National Composites Centre manufactures CMCs using AFP tech

The advance, a European first, aims to pave the way for high-temperature capabilities of these materials to be unlocked within engines.

Completed as part of the NCC’s Core Research Programme, the project is supported by Rolls-Royce, Reaction Engines, MBDA and 3M. It has demonstrated that a novel oxide-based ceramic tow-preg material from 3M can be used in automated deposition.

Whilst conventional Nickel based superalloys have a maximum continuous temperature of approximately 800°C, oxide-based CMCs can operate at 1000°C, with the higher operating temperature potentially improving the efficiency of aerospace engines and reducing fuel consumption and the subsequent CO2 emissions.

However, widespread use of CMCs is currently limited to high value applications, such as heat shields and turbine vanes.
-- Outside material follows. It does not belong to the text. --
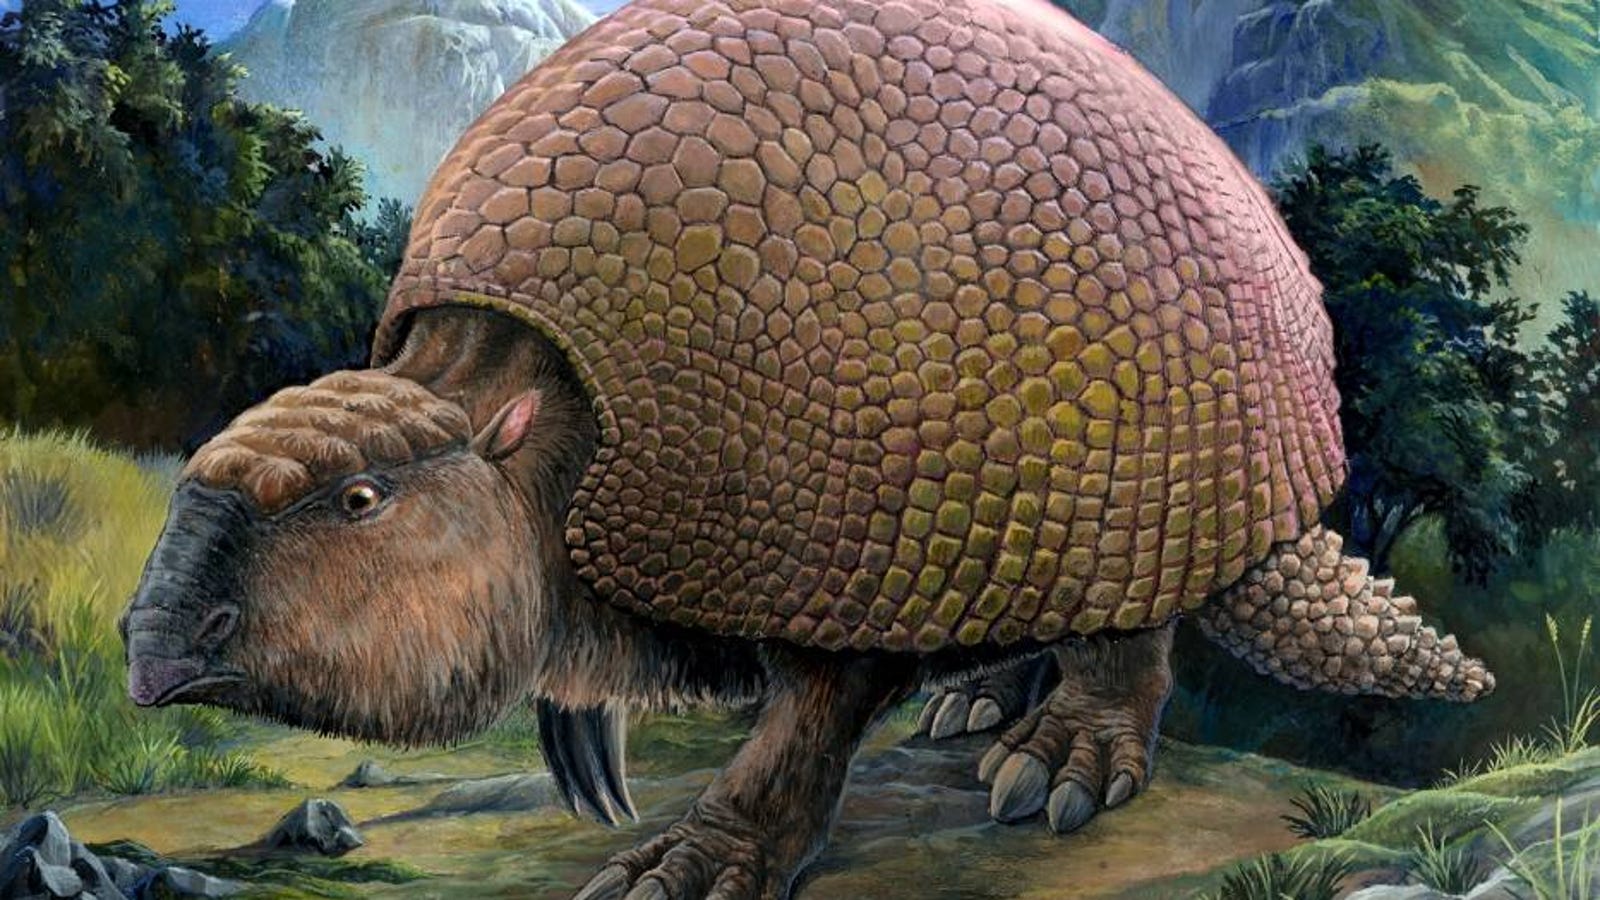  An illustration of two ancient armadillos, one with a spiky armor and one with a smooth armor, to illustrate the dimorphism between the two.

Being able to process a more affordable version of the material using AFP technology will reduce the final cost of making CMC parts, making them a more appealing proposition for industries who require components that can withstand high temperatures. 
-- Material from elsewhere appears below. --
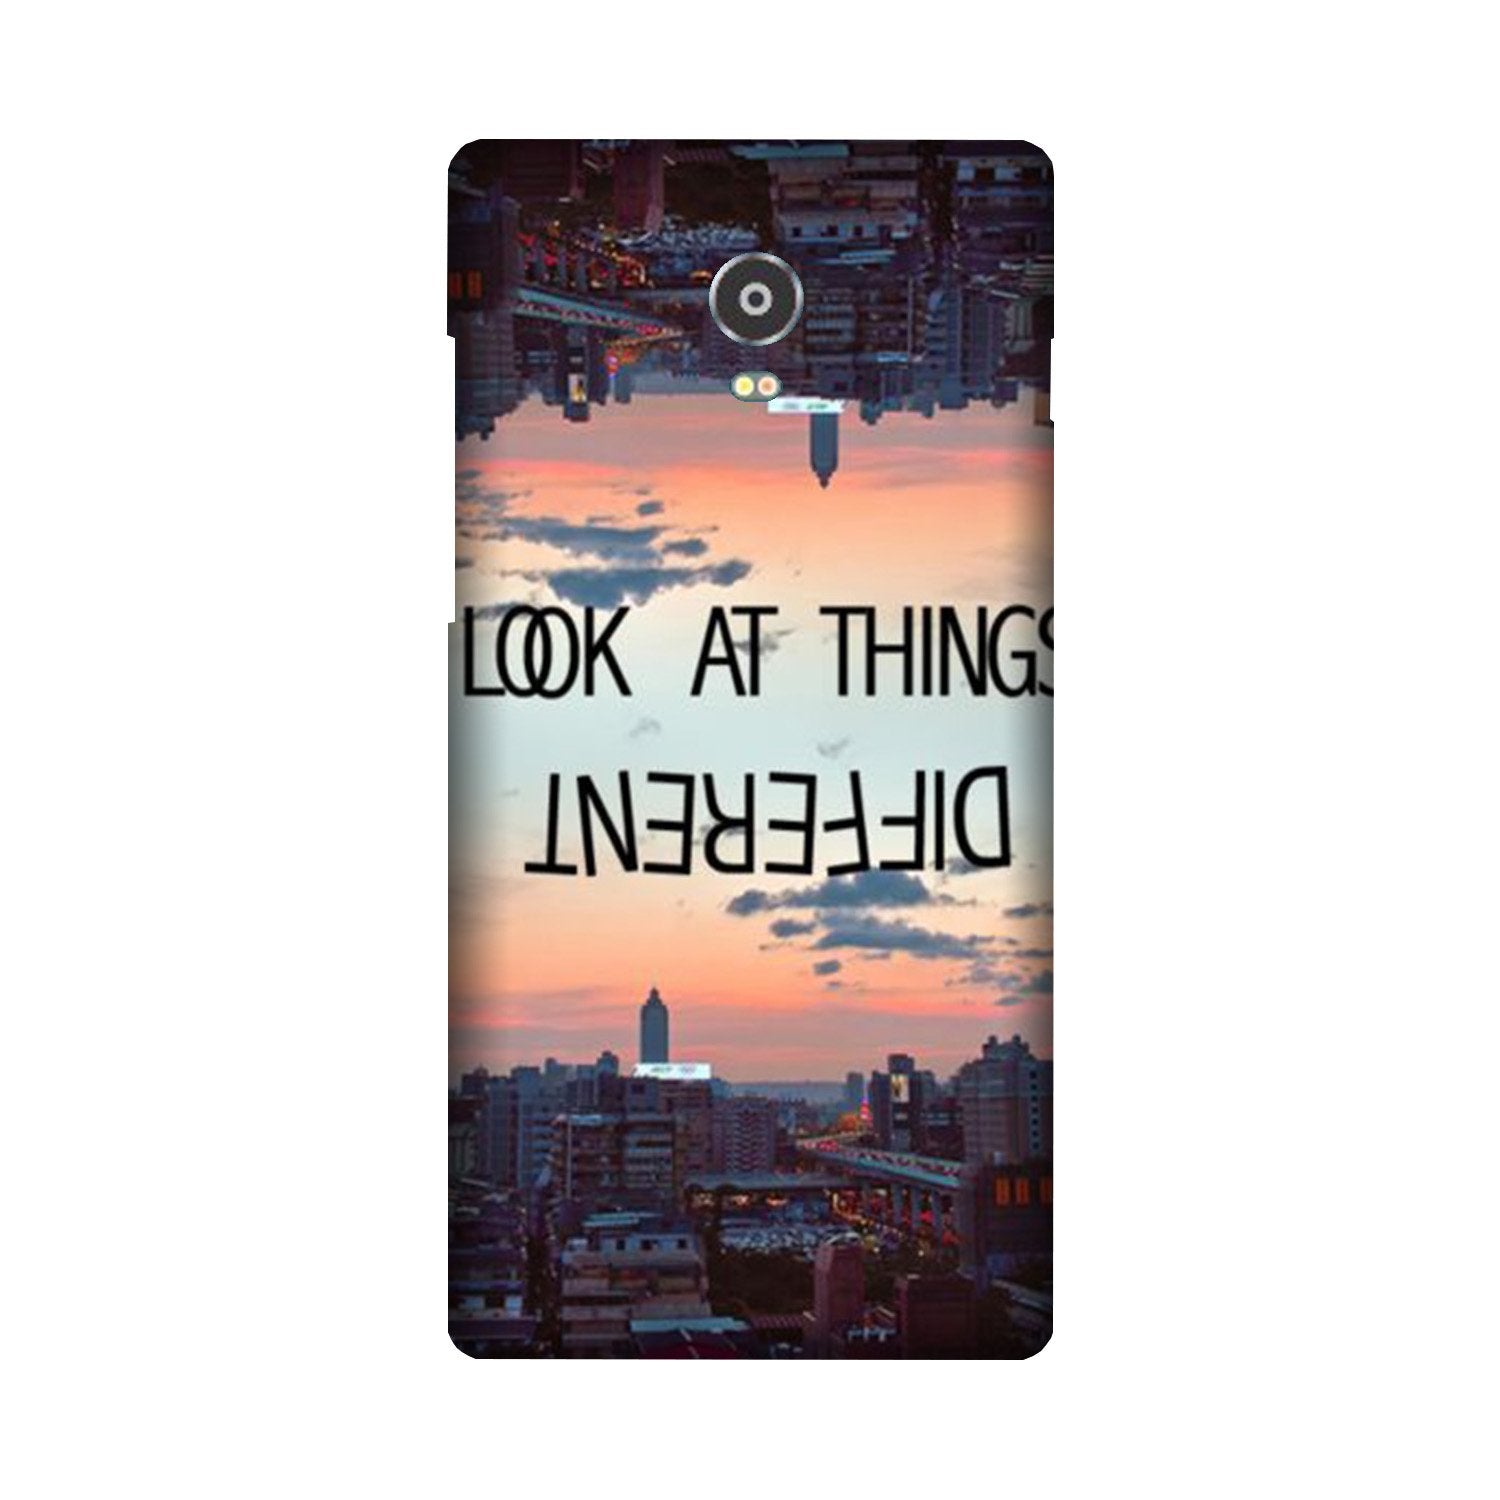 Look at things different Case for Lenovo Vibe P1

According to NCC, the team adapted existing AFP technology typically used to process organic matrix composites, like carbon fibre reinforced epoxy materials, to process 3M’s material. 

They also investigated how process parameters such as speed, heat and compaction force influence the material deposition and quality. Identifying the optimal deposition parameters reduces the material variability, removing one of the largest challenges for CMCs to be used more widely, NCC said. This could also lower their cost and create less waste.
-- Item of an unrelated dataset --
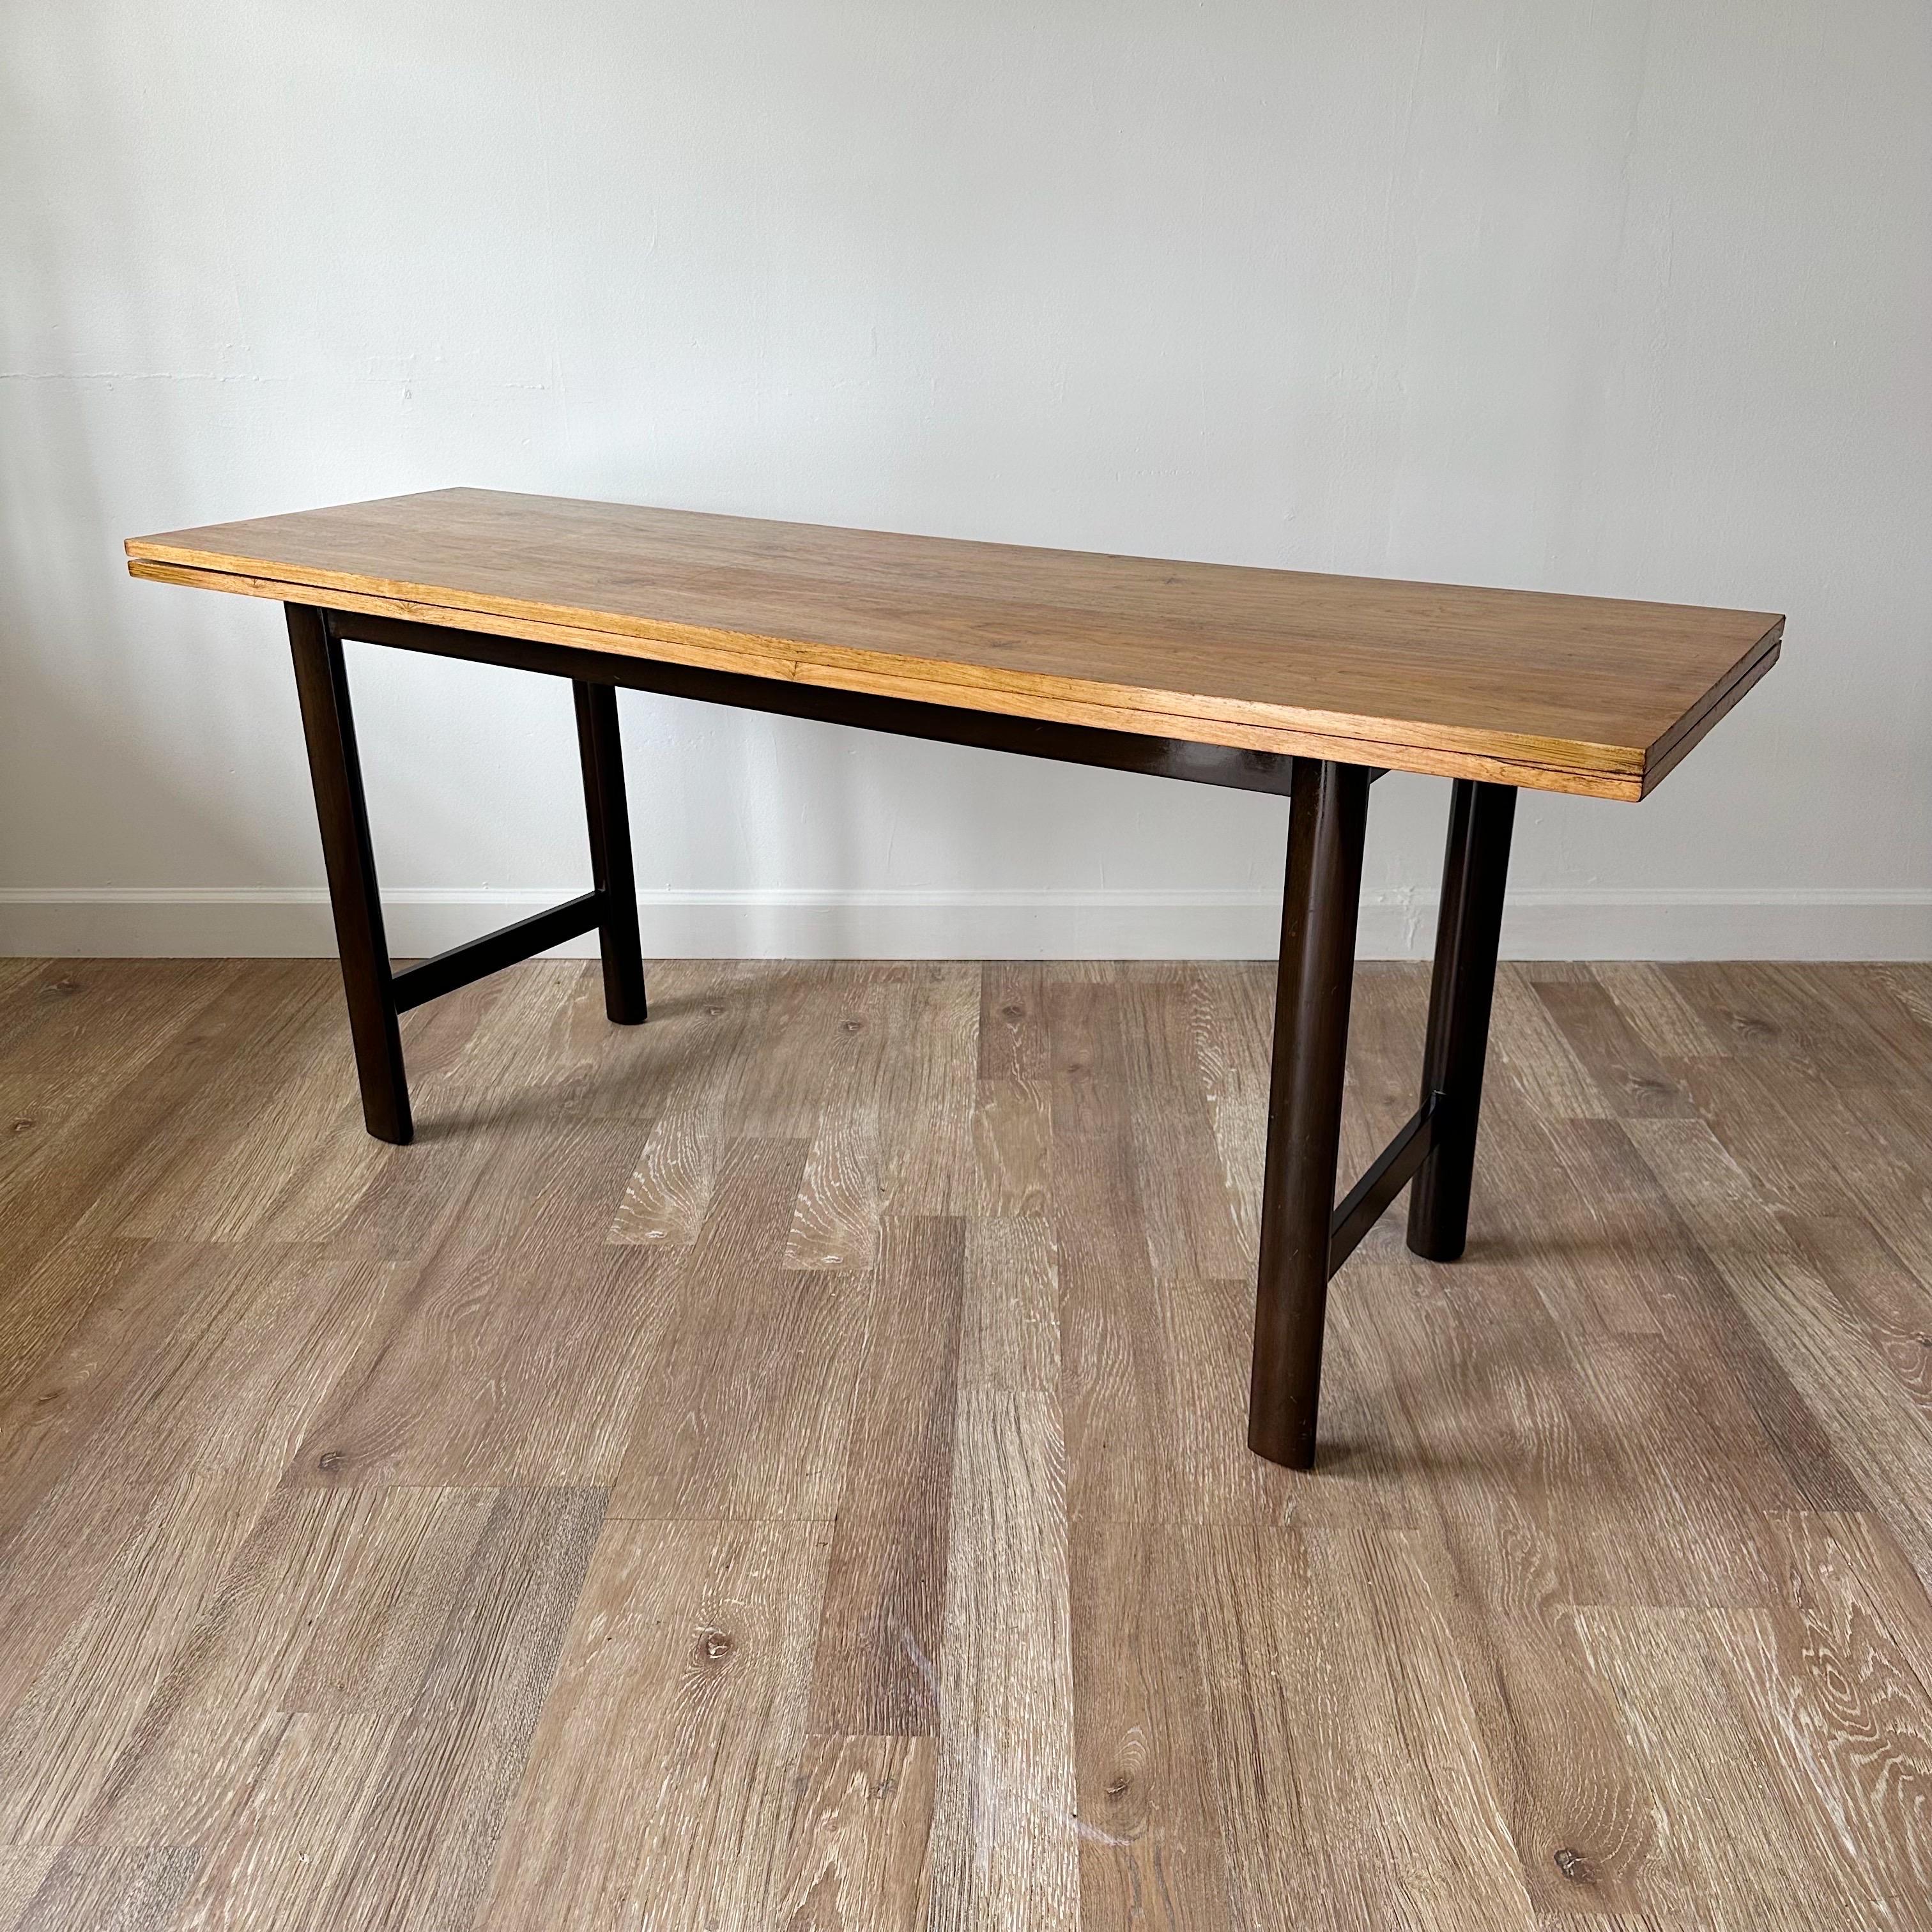 Versatile flip-top console table to be used as console or small dining table. 20 inches deep closed,opens to 40 inches. Table surface with stunning  rosewood with ebonized walnut legs.

“In the next year we hope to use our optimised manufacturing parameters to create even more complex geometries, starting with curved surfaces, to closer represent industrial parts,” said Dr Dave King, engineering capability lead for advanced materials at NCC. 

“With 3M’s support, we are also investigating wider material formats to reduce the number of inter tape joints in the material to increase its performance. These factors are critical for their deployment in industry.”

Angus Braithwaite, senior materials engineer at Reaction Engines added: “Alongside the development of its air breathing, high speed propulsion systems, Reaction Engines recognises that CMCs will play an important part in optimising space-access, high-speed flight and other cutting edge aerospace applications.